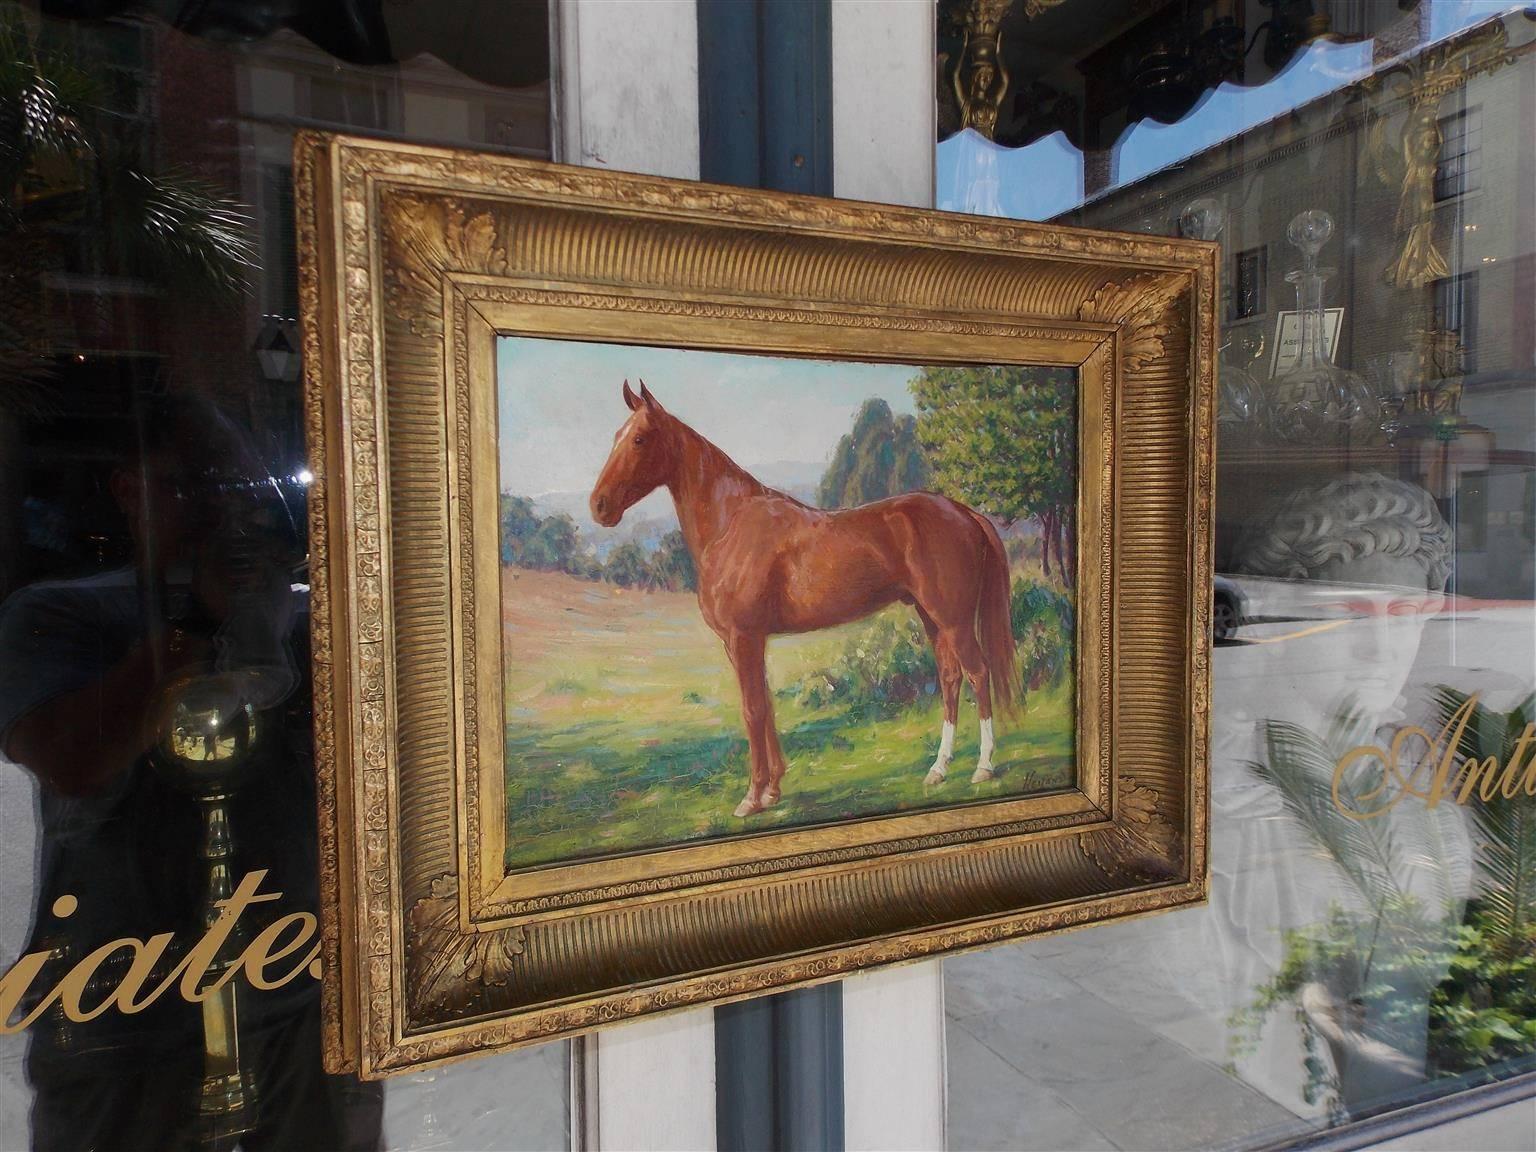 Portrait américain à l'huile sur carton d'un paysage de chevaux dans le cadre floral doré d'origine. Signé James Weiland, (1872-1968) New York, début du XXe siècle.

Weiland a étudié à l'Académie royale de Munich, à Colarossi à Paris, à l'Art
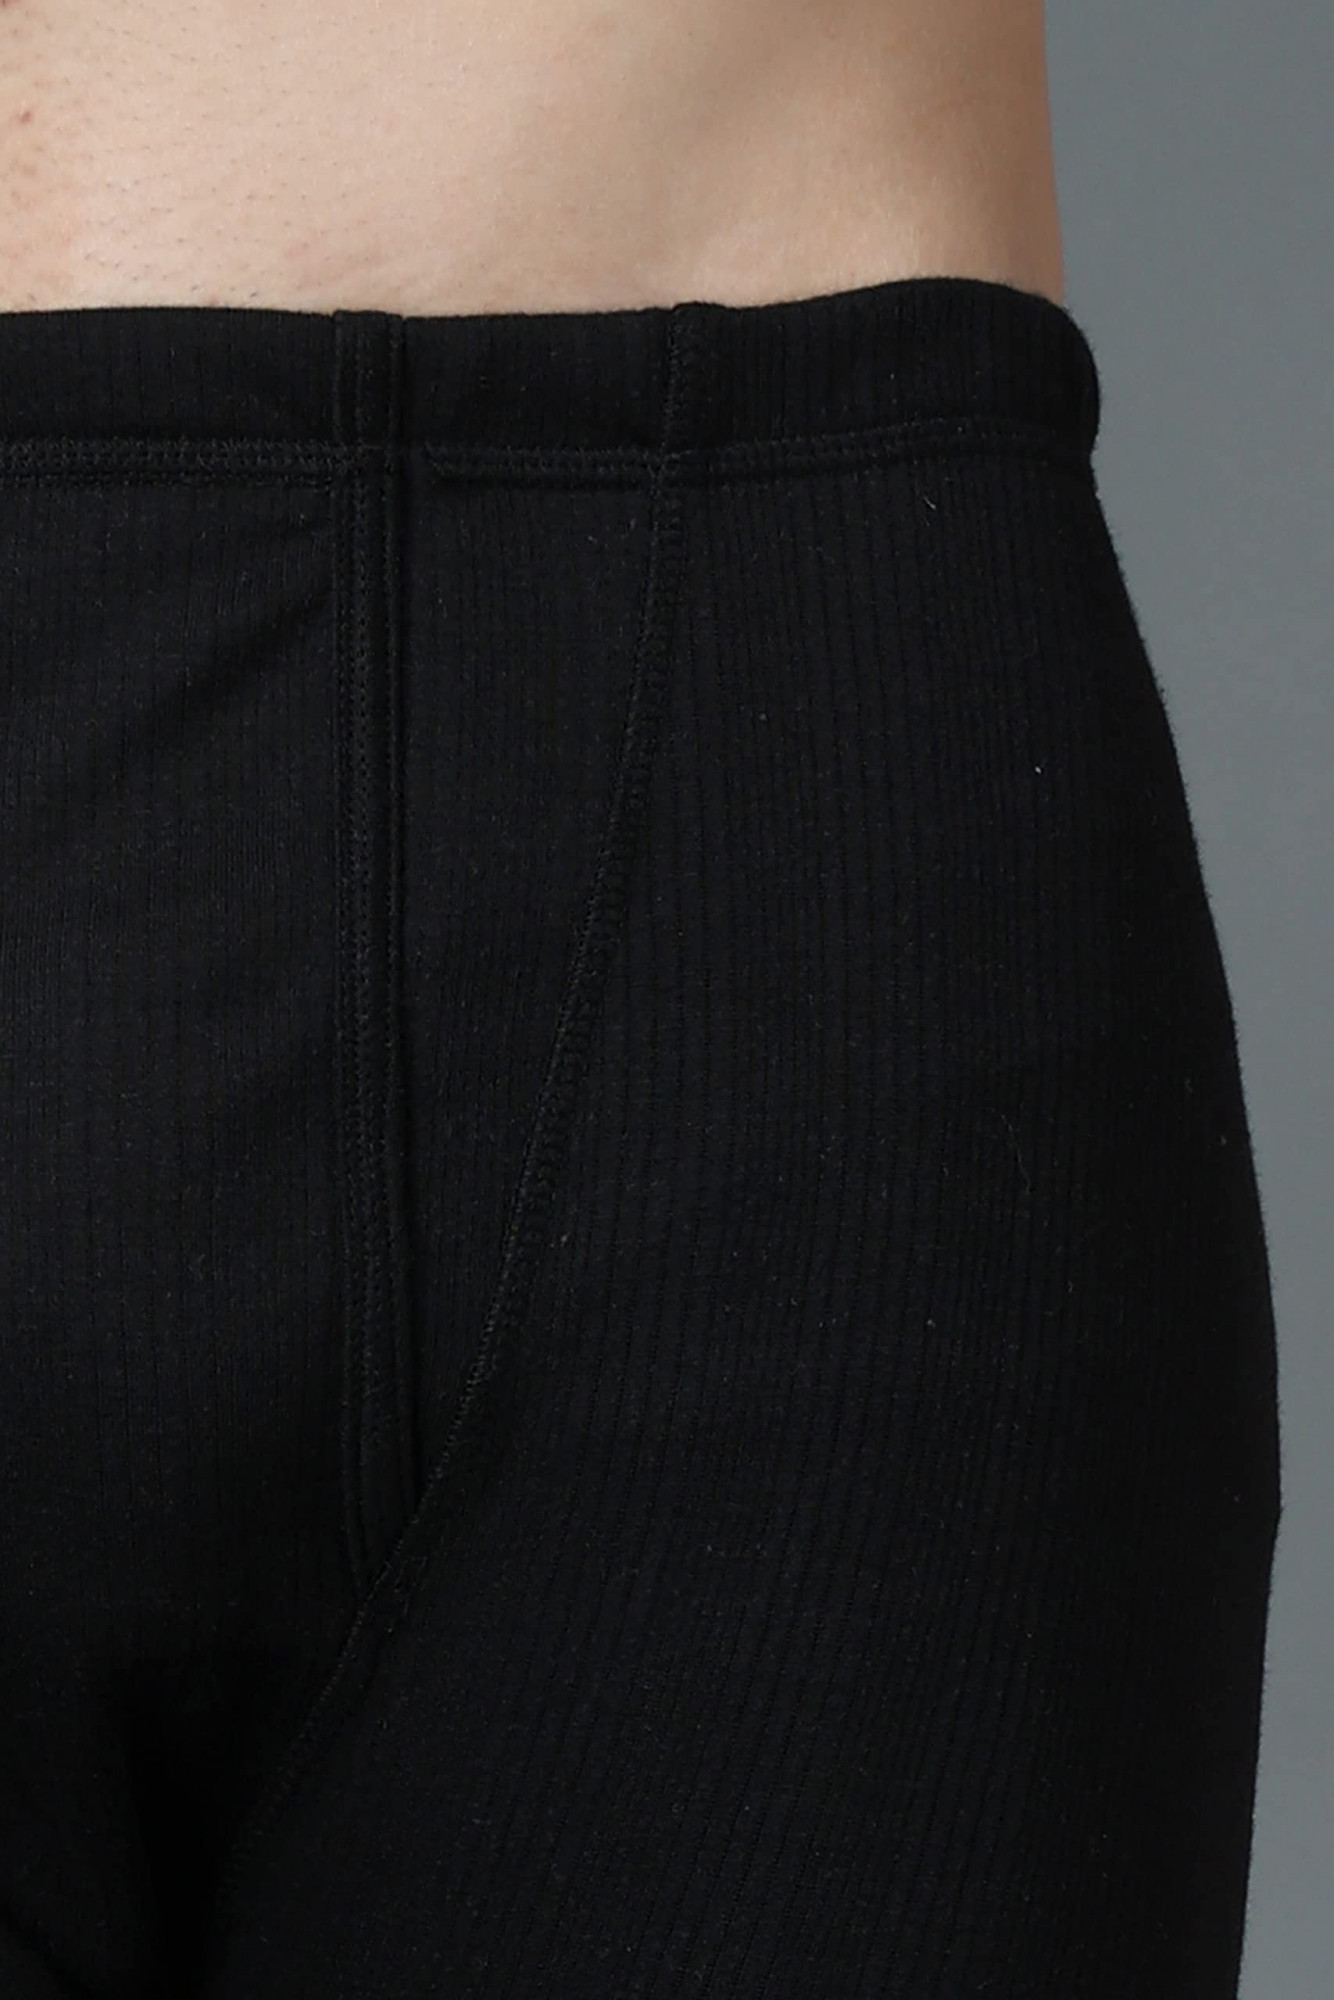 WearslimÂ® Premium Winter Thermal Bottom Underwear for Men
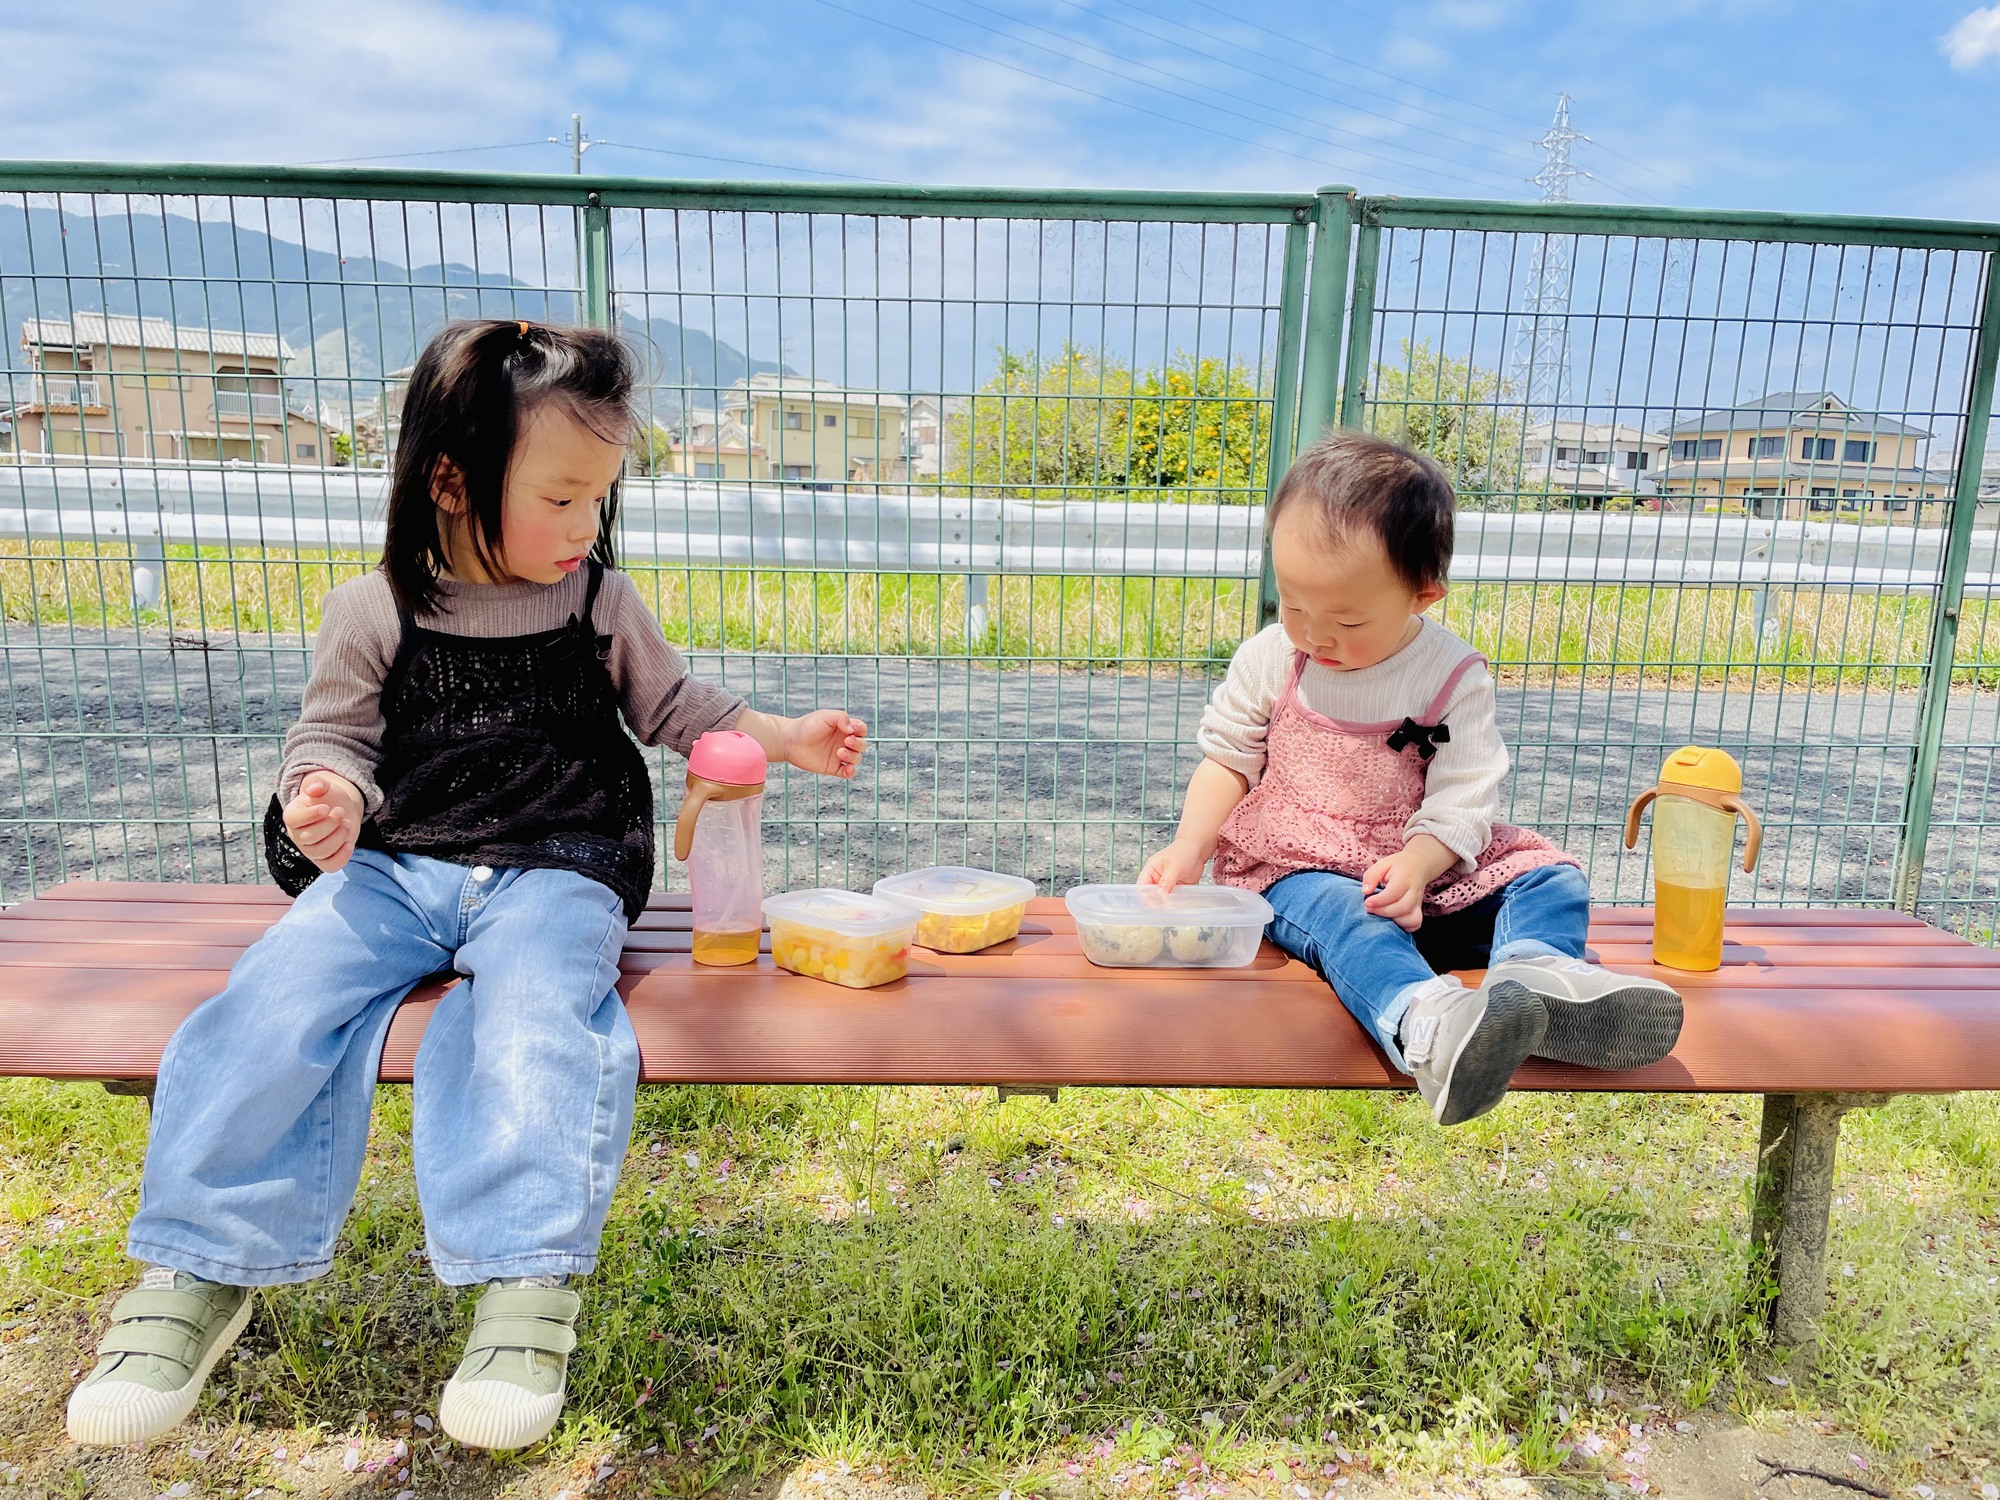 Mẹ Việt ở Nhật chọn NƠI ĐẶC BIỆT để đưa con đi chơi hàng ngày: Nuôi dưỡng cho các con một tâm hồn đẹp, trải qua tuổi thơ đầy ý nghĩa - Ảnh 6.
-*-
Pictures do not belong in the copy; repeat the rest of the listing exactly.

Task solution:
 Portrait américain à l'huile sur carton d'un paysage de chevaux dans le cadre floral doré d'origine. Signé James Weiland, (1872-1968) New York, début du XXe siècle.

Weiland a étudié à l'Académie royale de Munich, à Colarossi à Paris, à l'Art
 WearslimÂ® Premium Winter Thermal Bottom Underwear for Men
 Mẹ Việt ở Nhật chọn NƠI ĐẶC BIỆT để đưa con đi chơi hàng ngày: Nuôi dưỡng cho các con một tâm hồn đẹp, trải qua tuổi thơ đầy ý nghĩa - Ảnh 6.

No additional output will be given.